Innsbruck cements its Olympic status

Picture by IOC

The final acts of the Olympic Winter Games Innsbruck 1964 were played out on Sunday 9 February, with Norwegian ski jumper Toralf Engan winning individual large hill gold on the Bergisel and the USSR seeing off Canada 3-2 in the last match of the men’s ice hockey competition, a result that secured gold for the Soviets and left the Canadians without an Olympic ice hockey medal for the first time since 1920.

While the Opening Ceremony had taken place at the foot of the Bergisel, the Closing Ceremony was held in the Olympiahalle, with the flag bearers of the 36 participating nations taking pride of place in the arena before Engan, Veikko Kankkonen and Torgeir Brandtzæg received the applause of the crowd in stepping up to collect their large hill medals.

The flags of Greece, Austria and France – the hosts of the next Winter Games in the French city of Grenoble – were hoisted to the sound of their national anthems before, at 21:33, IOC President Avery Brundage officially declared the IX Olympic Winter Games closed. The flame burning brightly atop the Bergisel was slowly extinguished to the sound of the song Innsbruck, ich muß dich lassen (“Innsbruck, I Must Leave You”).

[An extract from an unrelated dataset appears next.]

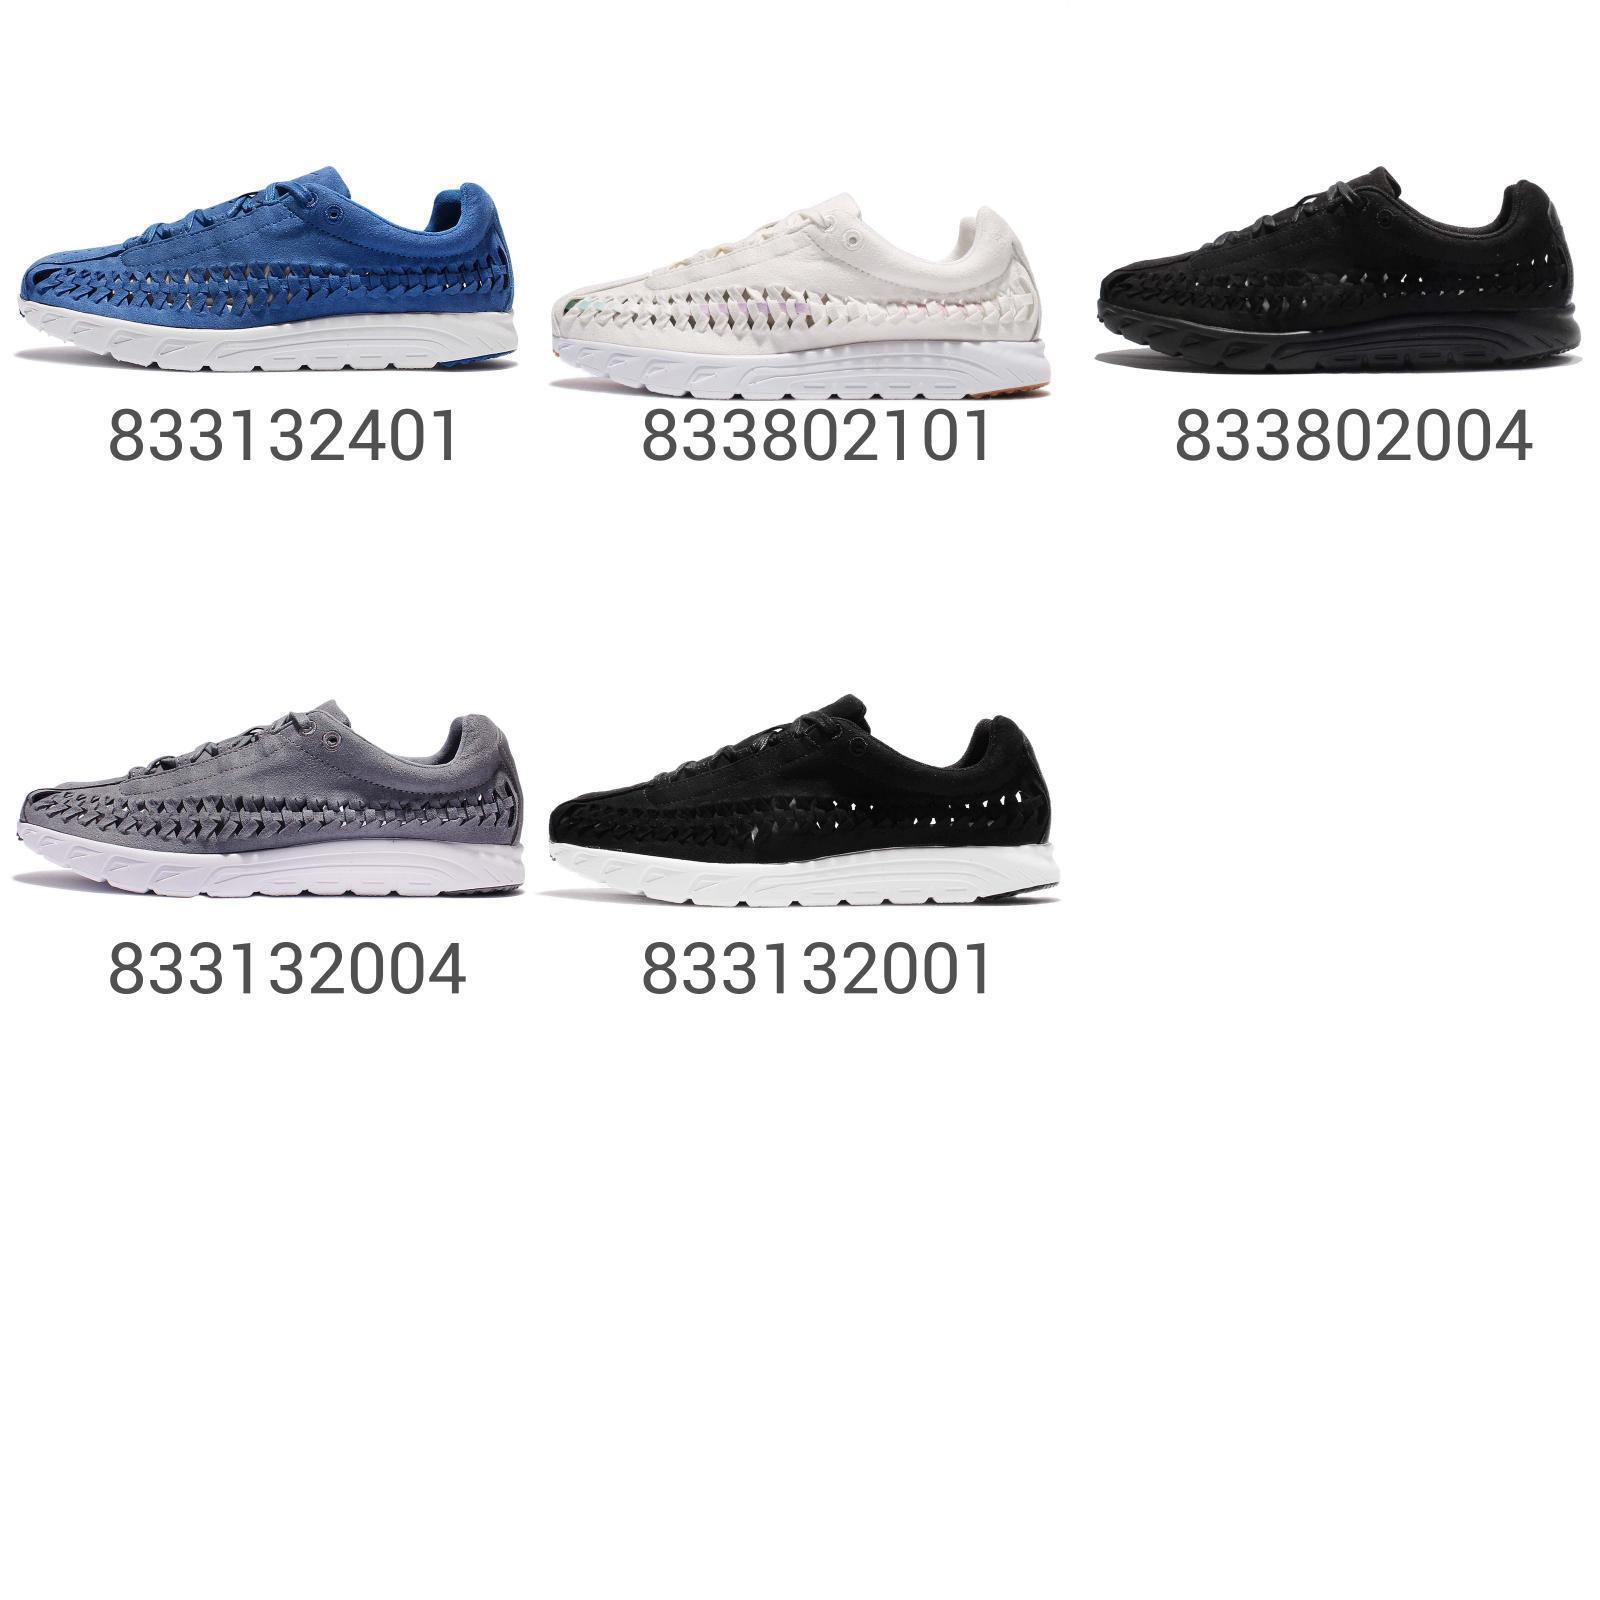 Nike Mayfly Woven Uomo Donna Lifestyle Shoes Sportswear NSW  Pick 1

The Olympic Winter Games Innsbruck 1964 were a huge success in every sense and were superbly organised. In response to unseasonably low snowfall, thousands of Austrian soldiers had transported snow from the peaks of the Tyrol down to the competition venues to ensure that the events went ahead without a hitch.

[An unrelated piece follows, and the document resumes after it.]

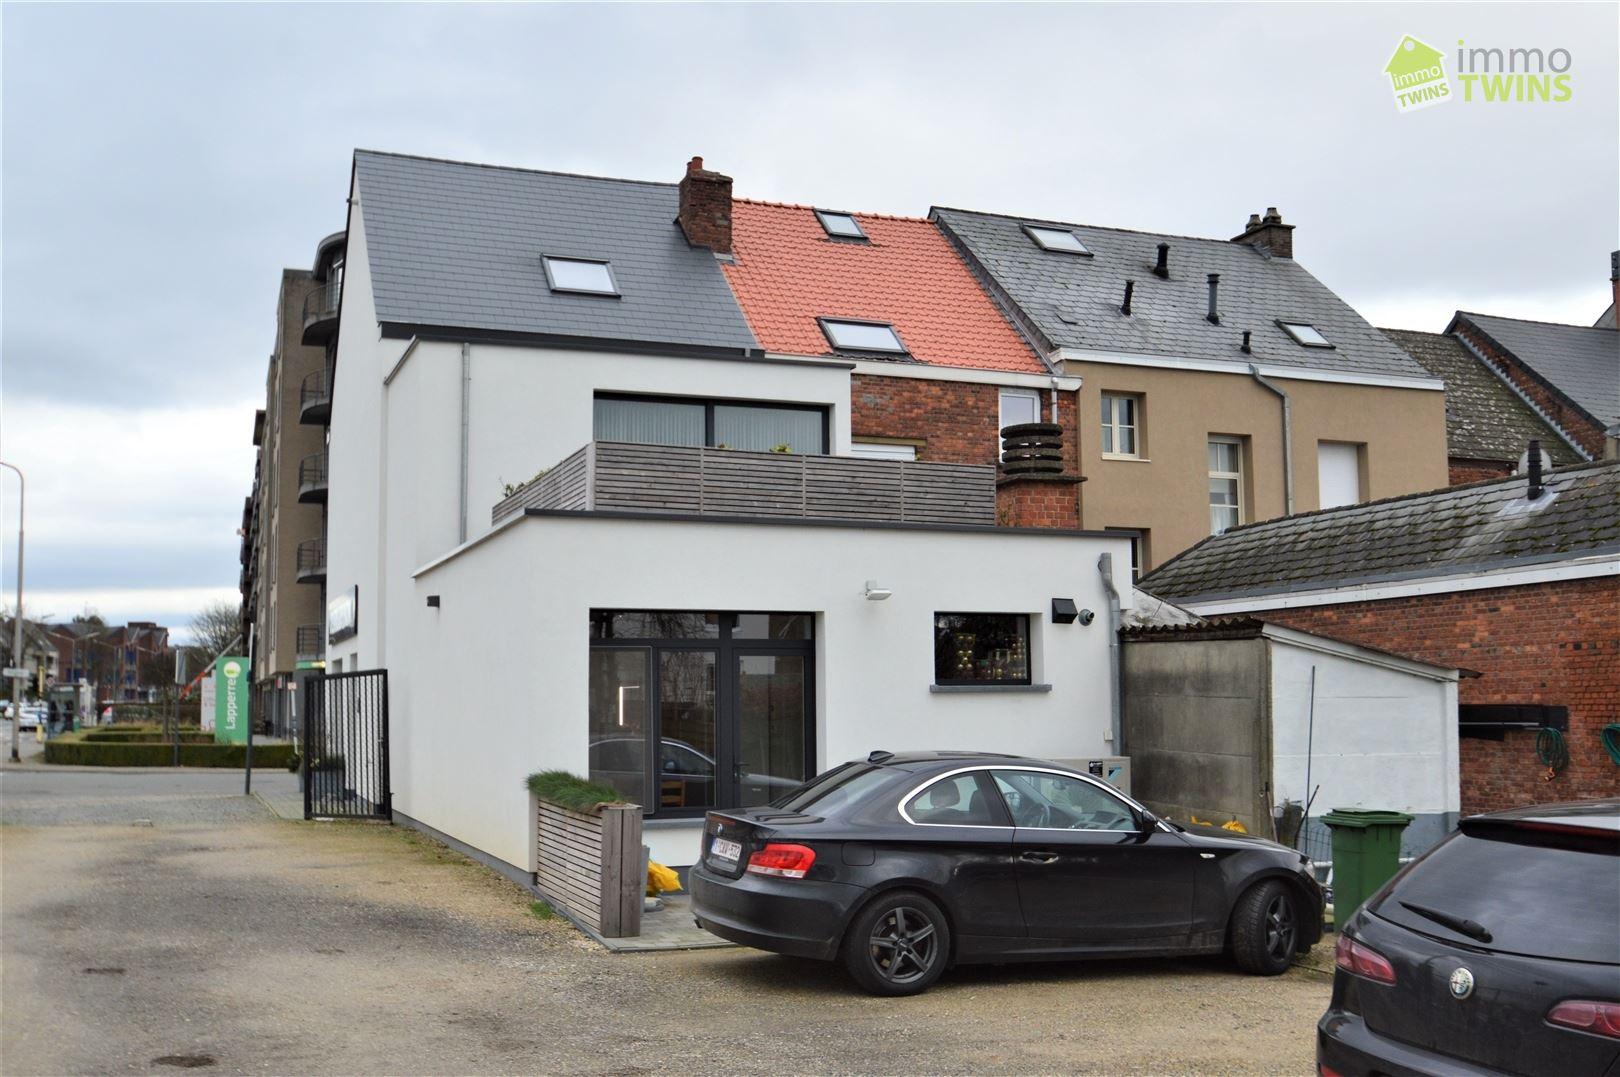 Foto 11 : Duplex/triplex te 9200 DENDERMONDE (België) - Prijs € 650

Attendance figures were also high. In total, some 1,073,000 winter sports fans came along to watch the athletes in action on the slopes and at the ice rinks, with the Alpine skiing events and ice hockey matches attracting record crowds.

The Games also left an important legacy for Innsbruck. The sports facilities, roads, bridges and Olympic Village built for the event were all put to effective use in the years that followed. And when Denver (USA), which in 1970 had been chosen by the IOC to host the 1976 edition of the Winter Games, later decided to pull out, Innsbruck was named as its replacement. Though it only had three years in which to prepare for its second Olympic Winter Games, the city made use of and modernised its existing facilities and proved, once again, the perfect host.

Seefeld remains to this day a fixture on the Nordic combined World Cup calendar and also hosts major international cross-country skiing and biathlon competitions, while the Igls track is one of the world’s leading bobsleigh, luge and skeleton venues. The large hill on the Bergisel is an essential destination on the world ski jumping circuit, while OlympiaWorld Innsbruck, located in the city itself, hosts a wide variety of events.

In December 2008 Austria’s fifth-largest city (population 121,000) received the majority backing of the IOC to stage the inaugural Winter Youth Olympic Games in 2012, an occasion on which it became the first city in the world to stage three Winter Games, making yet another compelling contribution to the Olympic story.